Nationwide, experts say capital cases are 20 times more expensive to prosecute because of the length of appeals. Oregon officials don't make guesses about how much it will cost here, because after 24 years of letting juries sentence killers to death, not a single case has yet gone all the way through the appeals system.

But Bill Long, a Willamette University law professor and death penalty opponent who wrote the only book on capital punishment in Oregon, has estimated Oregon's oldest cases could end up costing more than $10 million per defendant (the national average for capital cases is around $3 million). Hardesty estimated in 2005 that Oregon and its counties spend at least $9 million a year pursuing death penalty cases.

Officials in Salem project the state government will spend more than $1 million on attorney fees prosecuting and defending each death penalty case.
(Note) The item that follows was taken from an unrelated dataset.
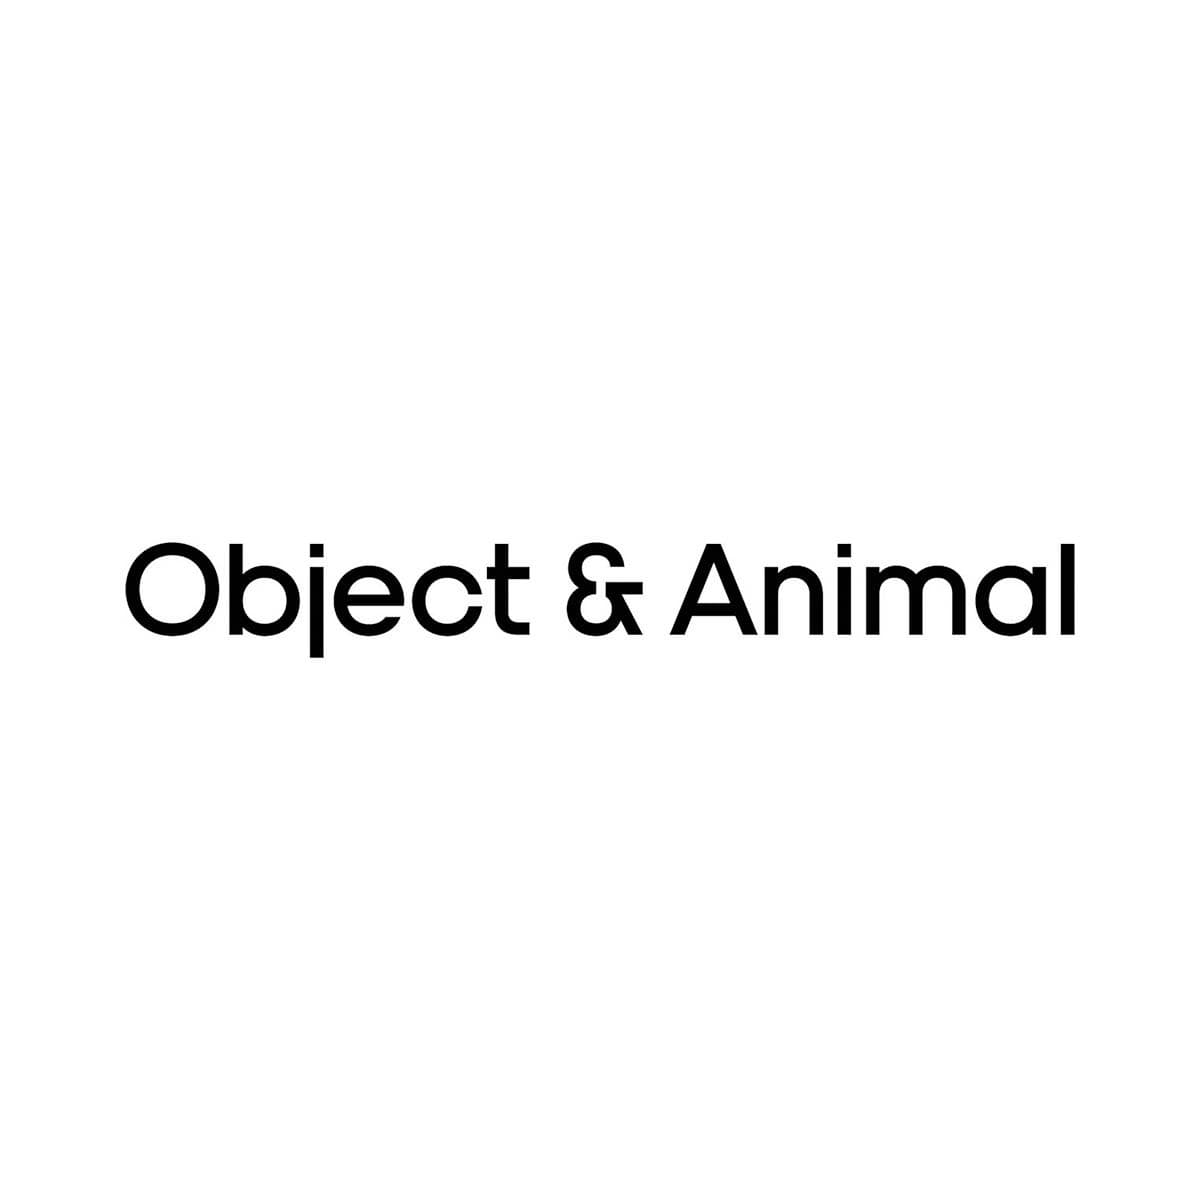 Object & Animal logo

That includes the cost of defense investigators, but not county prosecutors or local police. It also doesn't include several levels of appeals. That estimated $1.02 million alone—only a fraction of the total cost—is the same as the price of keeping a convict in prison for 36 years at the current cost of incarceration.

Added up for all 35 capital-punishment cases, that totals $35.7 million in public-safety money. The money is more than what’s budgeted to run the forensics division at the cash-strapped Oregon State Police in 2007-09 ($32.2 million), and nearly enough to fund OSP's entire criminal investigation division for the same period ($40.2 million).

Meanwhile, there are about 50 more defendants currently charged with death penalty crimes in Oregon, which will suck more than $50 million more out of the state budget if the defendants are sentenced to death. Despite the expense, they may never see execution. Nationwide, only 12 % of people who are sentenced to death are actually executed.

That leaves even death penalty proponents questioning whether the cost is worth it—people like Mannix, who now wonders if it’s time to look at other alternatives.

"In this state, we need to ask ourselves if we are willing to plunge the syringe or flip the switch," he says. "You need to understand that the public has mixed emotions on this issue."